Haiti news: Georg Willeit returns to Port-au-Prince
Georg Willeit returns to Haiti nine months on and asks whats in store for Haiti's future
Austrian Georg Willeit was on site in Haiti just a week after the earthquake: his purpose - to co-ordinate international communications for SOS Children's Villages for a month and help with every possible logistical challenge during this critical first phase. Nine months later he returned to Port-au-Prince:
What will it be like this time, what will have changed, where has progress been made, if at all? With these questions in mind, I arrived in Haiti for the third time after the earthquake. At the same time though, I knew from my last visit in May not to expect too much.
The situation has calmed down now in the SOS Children's Village, the upheaval of the first few weeks has subsided, and everyday life has visibly returned to normal. Yet you need to take a closer look to notice that many things are no longer the same. The last shelters are only just being built on the huge sports ground of the SOS Children's Village in Santo - temporary, prefabricated little houses. The folded components lay for months on end, with customs firstly in the Dominican Republic and then in Haiti. Now they are finally providing the urgently needed relief. Until now an average of 20 children have lived in each of the family houses in the SOS Children's Village, and with all the admirable efforts of the SOS mothers it is good thing that more children can now be moved into the little houses with their carers.

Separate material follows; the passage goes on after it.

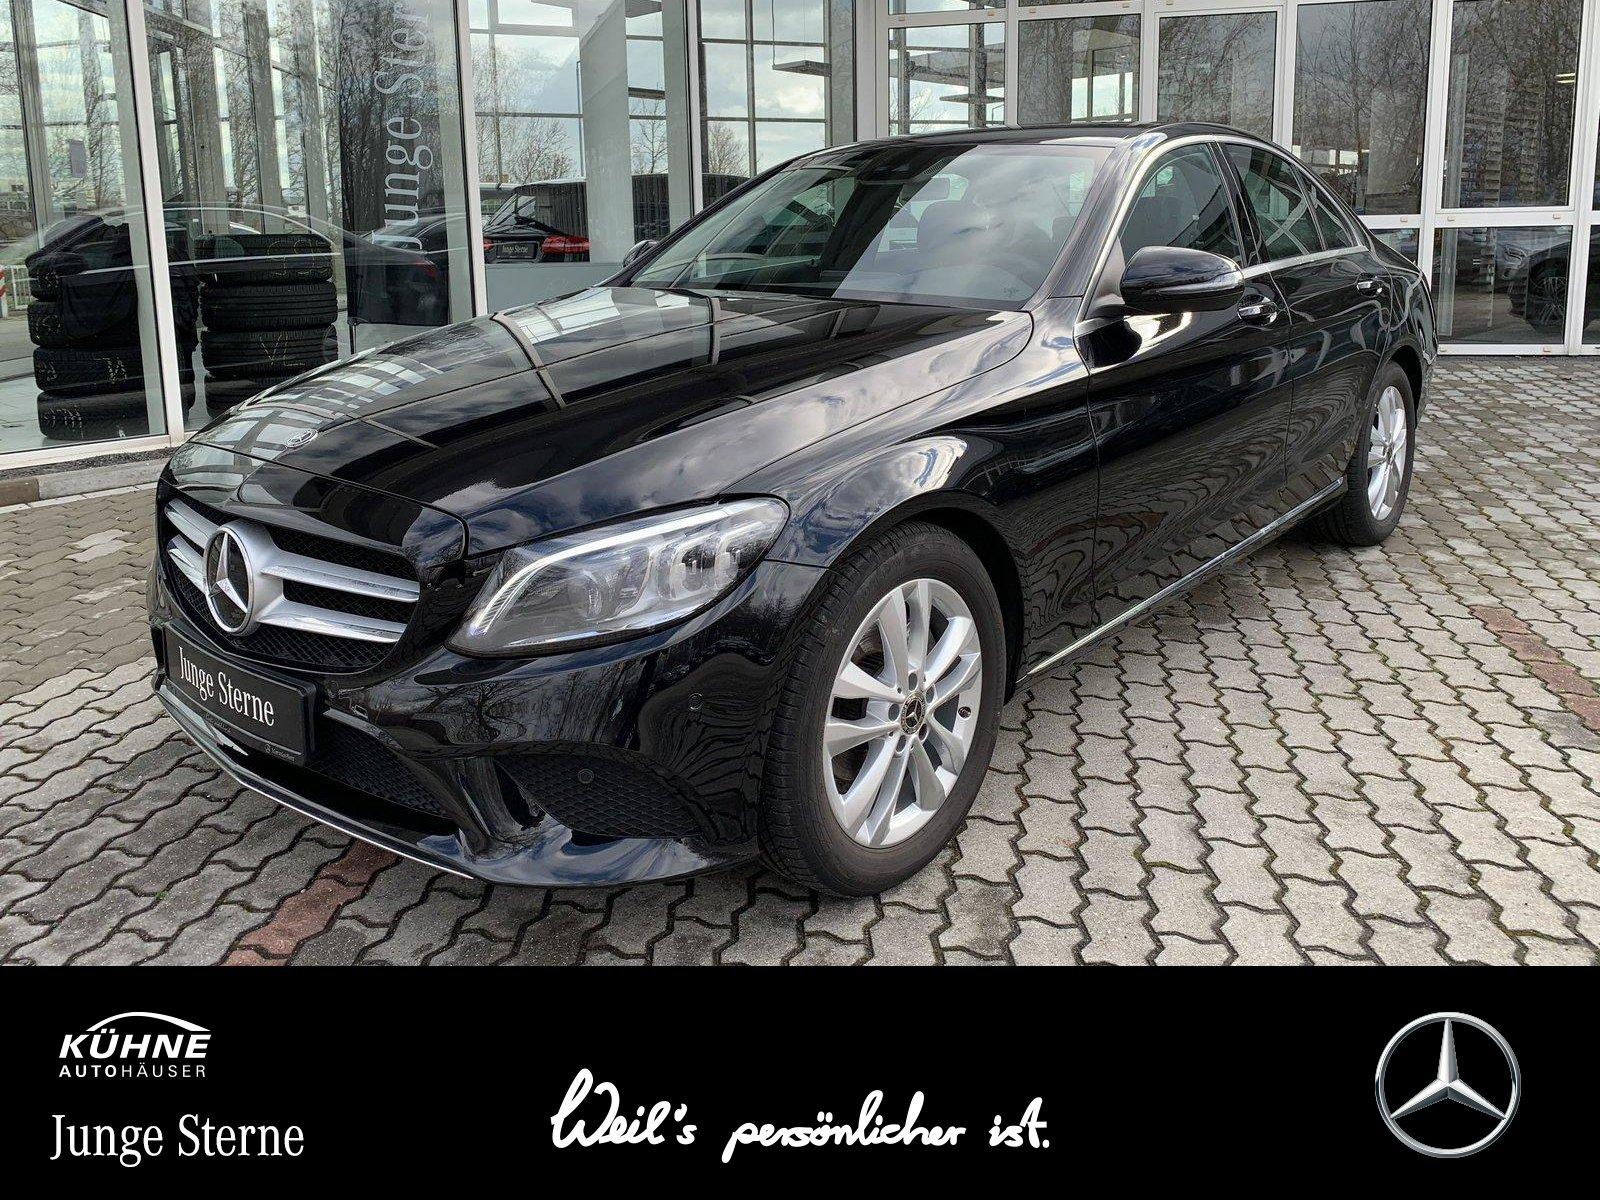 Mercedes-Benz C 180 Avantgarde 9G+BusinessPlus+Multibeam+High, Jahr 2019, Benzin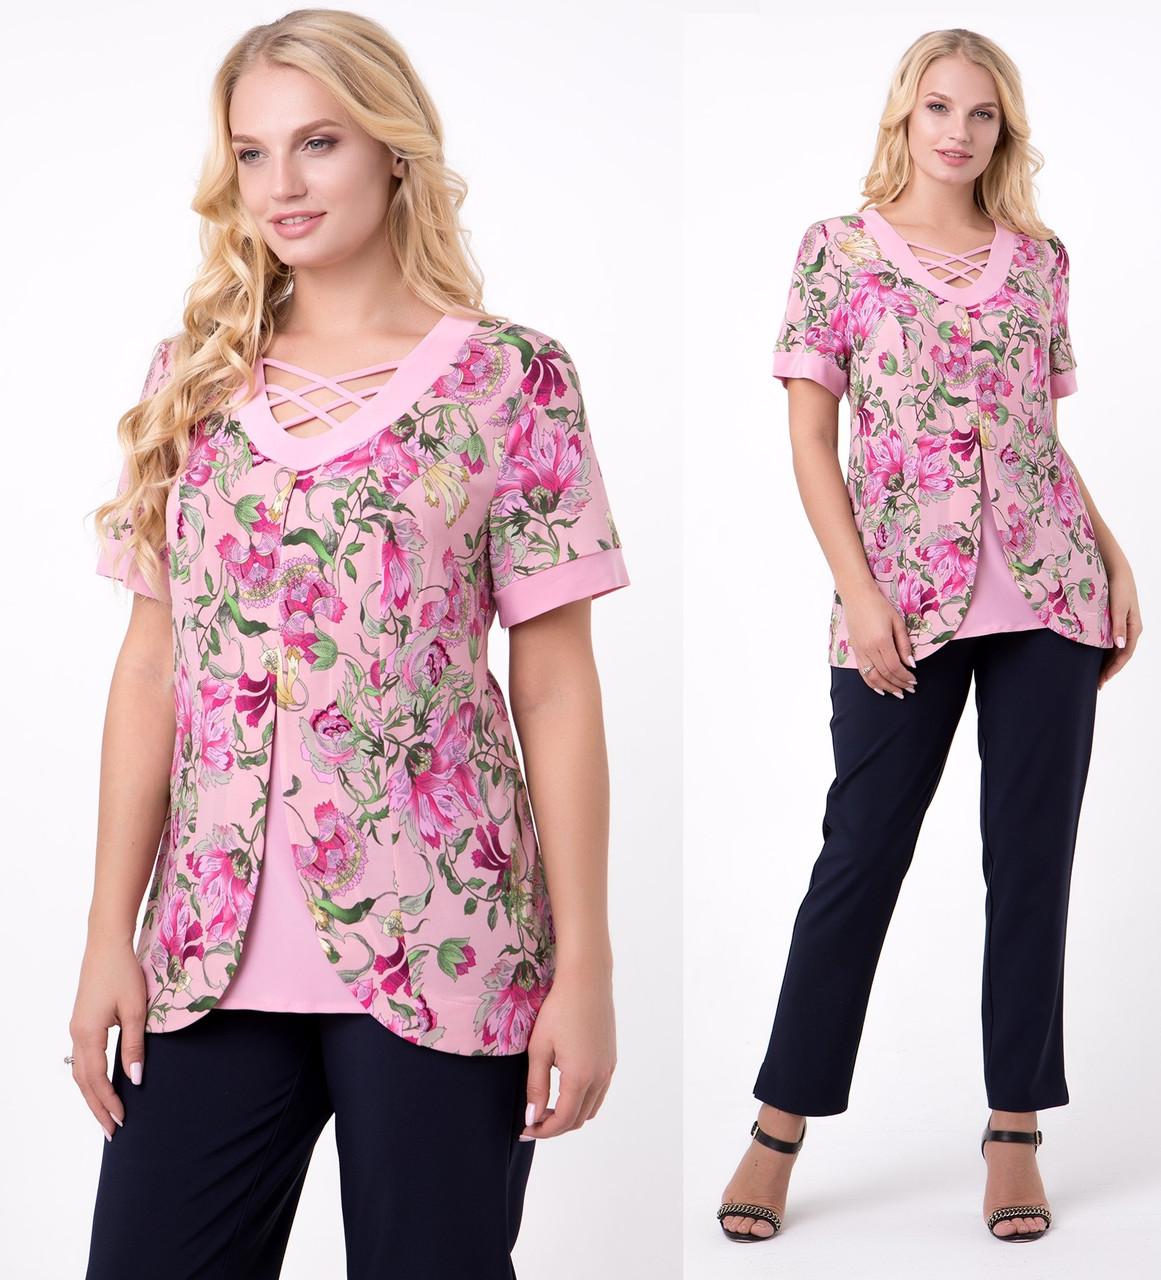 83ff5285f3721ff Блузка женская трикотажная летняя больших размеров (батальная), розовая,  цена 560 грн., купить в Вышгороде — Prom.ua (ID#961468192)

I was surprised at the situation in the city of Port-au-Prince. Much of the rubble has now been cleared away, houses have been partially or completely demolished, and the condition of many houses has been surveyed and sorted into groups. Now the houses have been given red, yellow or green stamps, meaning "demolish", "renovate" or "OK without further work". In many parts of the city there is unfortunately far too much red and yellow. So the first impression is not quite as drastic in visual terms. Many locals, and even some outsiders who know Haiti, say: "The city has never been so clean and tidy". For someone like me, who witnessed Haiti for the first time just after the earthquake, it is almost impossible to believe.
On closer observation you realise that high stone walls have now been built around many of the emergency relief camps established since January. It makes sense for the people in the camps, who evidently had enough of living in a goldfish bowl. But now it's also as if these endlessly vast tented cities were no longer even there. Inside the camps the tents have been improved, while tarpaulin structures provide a reasonable level of shade and protection from the rain. And more than ever there is the danger that permanent slums will evolve from most of these original makeshift camps - barely visible from the outside, and a dramatic sight from within. The planned relocation to more substantial housing and camps protected from flooding has barely started.
What is tangible and visible is a heightened sense of dissatisfaction and impatience among the people, who are now more likely to approach you and beg. This time I also felt that the security situation was relatively tense. It is certainly not advisable now to set foot in a camp without the presence of a camp official. What is difficult for outsiders to comprehend is the discrepancy between the population's understandable urgent needs and impatience and the slow pace of the authorities. The work of every NGO is hampered by bureaucratic restrictions, whether it is customs or tax-related red tape, or virtually intangible contacts in the authorities. Now there is the additional complication of elections being held in November. Sixty eight different lists are standing, and this too is slowing down all the decision-making processes because no one knows if he or she will still be in office at the end of November.